→ **Task details**: The answer is the set of lines that include "Demokratische", copied from the data below.
+-------+
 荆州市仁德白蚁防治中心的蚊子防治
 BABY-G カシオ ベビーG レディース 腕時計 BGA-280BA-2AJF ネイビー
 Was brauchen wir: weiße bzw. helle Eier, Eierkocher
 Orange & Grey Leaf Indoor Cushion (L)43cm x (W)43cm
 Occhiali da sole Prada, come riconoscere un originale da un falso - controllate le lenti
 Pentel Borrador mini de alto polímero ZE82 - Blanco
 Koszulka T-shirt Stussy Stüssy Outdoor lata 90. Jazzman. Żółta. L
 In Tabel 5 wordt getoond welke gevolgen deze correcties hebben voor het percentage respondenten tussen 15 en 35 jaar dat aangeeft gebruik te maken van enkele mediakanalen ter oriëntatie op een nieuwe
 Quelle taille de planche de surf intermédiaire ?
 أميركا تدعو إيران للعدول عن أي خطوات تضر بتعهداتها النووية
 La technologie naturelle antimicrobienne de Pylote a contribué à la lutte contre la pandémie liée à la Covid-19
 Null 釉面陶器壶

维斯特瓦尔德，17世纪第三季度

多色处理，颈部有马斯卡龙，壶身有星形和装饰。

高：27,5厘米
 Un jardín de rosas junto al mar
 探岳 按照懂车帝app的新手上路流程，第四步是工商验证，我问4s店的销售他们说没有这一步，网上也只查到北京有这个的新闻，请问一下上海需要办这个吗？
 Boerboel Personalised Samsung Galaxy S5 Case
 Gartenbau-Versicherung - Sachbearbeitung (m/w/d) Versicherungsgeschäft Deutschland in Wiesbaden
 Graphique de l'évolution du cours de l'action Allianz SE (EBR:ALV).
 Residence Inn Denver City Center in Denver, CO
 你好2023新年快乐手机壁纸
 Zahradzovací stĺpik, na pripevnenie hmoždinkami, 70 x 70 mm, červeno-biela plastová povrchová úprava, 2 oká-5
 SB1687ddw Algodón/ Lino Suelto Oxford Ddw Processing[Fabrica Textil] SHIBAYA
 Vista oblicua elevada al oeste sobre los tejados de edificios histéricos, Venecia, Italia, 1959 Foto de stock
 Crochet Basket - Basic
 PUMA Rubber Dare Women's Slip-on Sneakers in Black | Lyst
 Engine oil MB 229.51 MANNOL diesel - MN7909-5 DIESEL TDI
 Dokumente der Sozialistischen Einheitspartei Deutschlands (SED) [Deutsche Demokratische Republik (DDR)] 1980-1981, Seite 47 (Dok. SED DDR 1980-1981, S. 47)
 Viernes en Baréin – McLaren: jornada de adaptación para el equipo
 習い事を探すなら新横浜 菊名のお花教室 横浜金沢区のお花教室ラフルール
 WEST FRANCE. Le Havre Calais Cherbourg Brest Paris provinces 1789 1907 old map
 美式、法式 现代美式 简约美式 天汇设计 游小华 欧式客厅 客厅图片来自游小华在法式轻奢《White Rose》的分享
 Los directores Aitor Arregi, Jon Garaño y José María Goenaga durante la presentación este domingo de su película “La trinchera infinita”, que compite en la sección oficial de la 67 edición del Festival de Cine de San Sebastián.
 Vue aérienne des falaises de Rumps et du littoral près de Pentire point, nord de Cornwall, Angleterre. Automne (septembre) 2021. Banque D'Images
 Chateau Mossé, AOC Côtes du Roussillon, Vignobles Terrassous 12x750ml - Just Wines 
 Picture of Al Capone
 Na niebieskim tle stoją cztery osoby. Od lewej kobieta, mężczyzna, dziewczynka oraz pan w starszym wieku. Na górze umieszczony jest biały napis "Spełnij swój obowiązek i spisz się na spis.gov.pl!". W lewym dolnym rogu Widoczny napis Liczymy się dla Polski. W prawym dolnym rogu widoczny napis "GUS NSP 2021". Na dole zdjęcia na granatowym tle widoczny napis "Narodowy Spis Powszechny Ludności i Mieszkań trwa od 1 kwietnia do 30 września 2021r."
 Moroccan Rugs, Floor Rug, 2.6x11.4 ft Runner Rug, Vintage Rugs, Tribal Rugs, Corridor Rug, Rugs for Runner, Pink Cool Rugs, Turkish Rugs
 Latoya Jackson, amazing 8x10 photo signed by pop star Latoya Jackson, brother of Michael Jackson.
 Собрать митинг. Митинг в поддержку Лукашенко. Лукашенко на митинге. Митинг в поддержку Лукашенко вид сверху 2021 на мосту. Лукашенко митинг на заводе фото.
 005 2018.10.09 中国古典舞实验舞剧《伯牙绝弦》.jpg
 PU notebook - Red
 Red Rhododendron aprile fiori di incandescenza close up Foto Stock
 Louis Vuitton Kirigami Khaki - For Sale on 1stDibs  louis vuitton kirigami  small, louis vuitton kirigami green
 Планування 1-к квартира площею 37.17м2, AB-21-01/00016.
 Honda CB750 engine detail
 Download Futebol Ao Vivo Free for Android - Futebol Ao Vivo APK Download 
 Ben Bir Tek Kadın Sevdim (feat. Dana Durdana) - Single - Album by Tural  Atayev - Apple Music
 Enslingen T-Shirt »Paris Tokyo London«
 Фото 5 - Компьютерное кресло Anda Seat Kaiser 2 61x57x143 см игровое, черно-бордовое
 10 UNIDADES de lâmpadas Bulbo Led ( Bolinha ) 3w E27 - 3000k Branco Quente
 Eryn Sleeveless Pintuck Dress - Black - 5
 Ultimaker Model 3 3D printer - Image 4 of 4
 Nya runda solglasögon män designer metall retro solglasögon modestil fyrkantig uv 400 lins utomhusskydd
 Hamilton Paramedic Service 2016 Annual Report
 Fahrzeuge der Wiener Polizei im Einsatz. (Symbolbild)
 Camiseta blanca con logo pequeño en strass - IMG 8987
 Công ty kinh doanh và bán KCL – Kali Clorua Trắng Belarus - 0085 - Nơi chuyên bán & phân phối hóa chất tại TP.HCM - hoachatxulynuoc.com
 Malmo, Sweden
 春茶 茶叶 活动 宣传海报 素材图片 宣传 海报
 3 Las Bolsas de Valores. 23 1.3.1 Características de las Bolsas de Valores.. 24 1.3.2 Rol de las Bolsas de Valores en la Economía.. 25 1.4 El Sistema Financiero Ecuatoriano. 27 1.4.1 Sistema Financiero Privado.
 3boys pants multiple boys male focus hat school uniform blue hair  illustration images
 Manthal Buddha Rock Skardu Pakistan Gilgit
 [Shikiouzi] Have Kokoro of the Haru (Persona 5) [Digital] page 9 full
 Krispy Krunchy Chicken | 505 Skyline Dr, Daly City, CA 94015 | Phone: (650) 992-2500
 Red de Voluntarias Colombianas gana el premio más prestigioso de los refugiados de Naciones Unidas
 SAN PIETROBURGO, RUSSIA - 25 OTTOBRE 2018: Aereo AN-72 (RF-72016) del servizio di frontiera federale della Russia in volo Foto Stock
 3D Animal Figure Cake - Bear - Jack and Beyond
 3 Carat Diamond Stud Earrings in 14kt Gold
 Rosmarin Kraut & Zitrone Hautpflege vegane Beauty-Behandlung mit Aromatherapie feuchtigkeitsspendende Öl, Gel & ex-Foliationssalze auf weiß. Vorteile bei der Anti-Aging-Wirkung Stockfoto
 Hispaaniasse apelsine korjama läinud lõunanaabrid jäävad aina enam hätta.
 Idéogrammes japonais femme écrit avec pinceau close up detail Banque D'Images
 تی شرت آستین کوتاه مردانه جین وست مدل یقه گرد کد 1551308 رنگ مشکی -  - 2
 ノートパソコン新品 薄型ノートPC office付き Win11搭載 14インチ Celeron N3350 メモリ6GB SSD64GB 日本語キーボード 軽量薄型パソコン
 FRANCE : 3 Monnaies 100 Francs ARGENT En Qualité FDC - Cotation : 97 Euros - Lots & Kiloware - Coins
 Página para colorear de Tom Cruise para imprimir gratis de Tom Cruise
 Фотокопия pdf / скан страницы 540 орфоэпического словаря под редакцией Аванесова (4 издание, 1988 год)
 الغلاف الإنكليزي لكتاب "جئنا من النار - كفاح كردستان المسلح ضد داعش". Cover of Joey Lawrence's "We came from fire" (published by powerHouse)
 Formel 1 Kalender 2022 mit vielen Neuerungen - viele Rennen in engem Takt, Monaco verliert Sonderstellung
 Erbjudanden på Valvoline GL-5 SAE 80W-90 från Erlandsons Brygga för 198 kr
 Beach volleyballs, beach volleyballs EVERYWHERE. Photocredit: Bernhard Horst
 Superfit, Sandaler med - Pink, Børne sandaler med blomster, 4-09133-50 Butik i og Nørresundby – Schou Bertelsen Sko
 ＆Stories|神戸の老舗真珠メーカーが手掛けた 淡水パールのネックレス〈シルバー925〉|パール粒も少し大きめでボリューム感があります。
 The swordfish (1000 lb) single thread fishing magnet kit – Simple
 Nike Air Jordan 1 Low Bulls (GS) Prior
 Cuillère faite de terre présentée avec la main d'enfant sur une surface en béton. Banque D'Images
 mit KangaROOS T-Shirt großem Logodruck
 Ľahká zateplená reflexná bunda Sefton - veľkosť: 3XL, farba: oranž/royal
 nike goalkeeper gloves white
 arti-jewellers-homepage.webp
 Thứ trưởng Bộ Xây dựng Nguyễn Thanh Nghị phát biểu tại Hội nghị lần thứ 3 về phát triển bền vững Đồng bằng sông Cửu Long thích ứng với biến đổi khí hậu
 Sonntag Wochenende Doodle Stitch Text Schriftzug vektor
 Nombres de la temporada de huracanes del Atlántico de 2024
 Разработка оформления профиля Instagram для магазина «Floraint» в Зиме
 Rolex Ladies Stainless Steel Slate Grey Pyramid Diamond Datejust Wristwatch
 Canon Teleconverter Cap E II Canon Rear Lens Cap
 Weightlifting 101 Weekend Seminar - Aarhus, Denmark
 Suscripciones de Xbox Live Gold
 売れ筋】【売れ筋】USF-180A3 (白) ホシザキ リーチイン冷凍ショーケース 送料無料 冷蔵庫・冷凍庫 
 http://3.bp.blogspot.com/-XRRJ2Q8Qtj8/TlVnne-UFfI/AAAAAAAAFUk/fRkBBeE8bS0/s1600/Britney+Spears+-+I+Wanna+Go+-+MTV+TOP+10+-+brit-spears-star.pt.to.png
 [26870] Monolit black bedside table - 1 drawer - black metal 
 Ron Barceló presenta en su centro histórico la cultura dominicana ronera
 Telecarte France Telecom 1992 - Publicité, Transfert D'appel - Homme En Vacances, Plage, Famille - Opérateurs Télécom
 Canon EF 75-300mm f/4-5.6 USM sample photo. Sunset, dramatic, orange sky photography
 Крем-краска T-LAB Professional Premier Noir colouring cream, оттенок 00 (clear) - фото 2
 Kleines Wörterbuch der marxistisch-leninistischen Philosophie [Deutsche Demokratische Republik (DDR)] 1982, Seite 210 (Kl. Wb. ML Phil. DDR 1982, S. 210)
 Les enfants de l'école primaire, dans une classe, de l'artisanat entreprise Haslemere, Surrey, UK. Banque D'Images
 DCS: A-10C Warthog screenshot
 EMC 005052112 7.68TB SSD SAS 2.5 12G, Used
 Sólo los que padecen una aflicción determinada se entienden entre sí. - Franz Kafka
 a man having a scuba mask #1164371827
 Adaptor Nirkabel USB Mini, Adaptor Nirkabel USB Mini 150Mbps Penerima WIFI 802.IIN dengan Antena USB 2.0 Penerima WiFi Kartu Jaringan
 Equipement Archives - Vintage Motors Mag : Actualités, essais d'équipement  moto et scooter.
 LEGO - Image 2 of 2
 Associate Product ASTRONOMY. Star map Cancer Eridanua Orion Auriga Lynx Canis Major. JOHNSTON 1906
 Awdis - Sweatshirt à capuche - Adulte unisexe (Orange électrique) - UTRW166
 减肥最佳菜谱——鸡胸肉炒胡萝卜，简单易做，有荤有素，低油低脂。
+-------+
→ **Solved exercise**:
 Dokumente der Sozialistischen Einheitspartei Deutschlands (SED) [Deutsche Demokratische Republik (DDR)] 1980-1981, Seite 47 (Dok. SED DDR 1980-1981, S. 47)
 Kleines Wörterbuch der marxistisch-leninistischen Philosophie [Deutsche Demokratische Republik (DDR)] 1982, Seite 210 (Kl. Wb. ML Phil. DDR 1982, S. 210)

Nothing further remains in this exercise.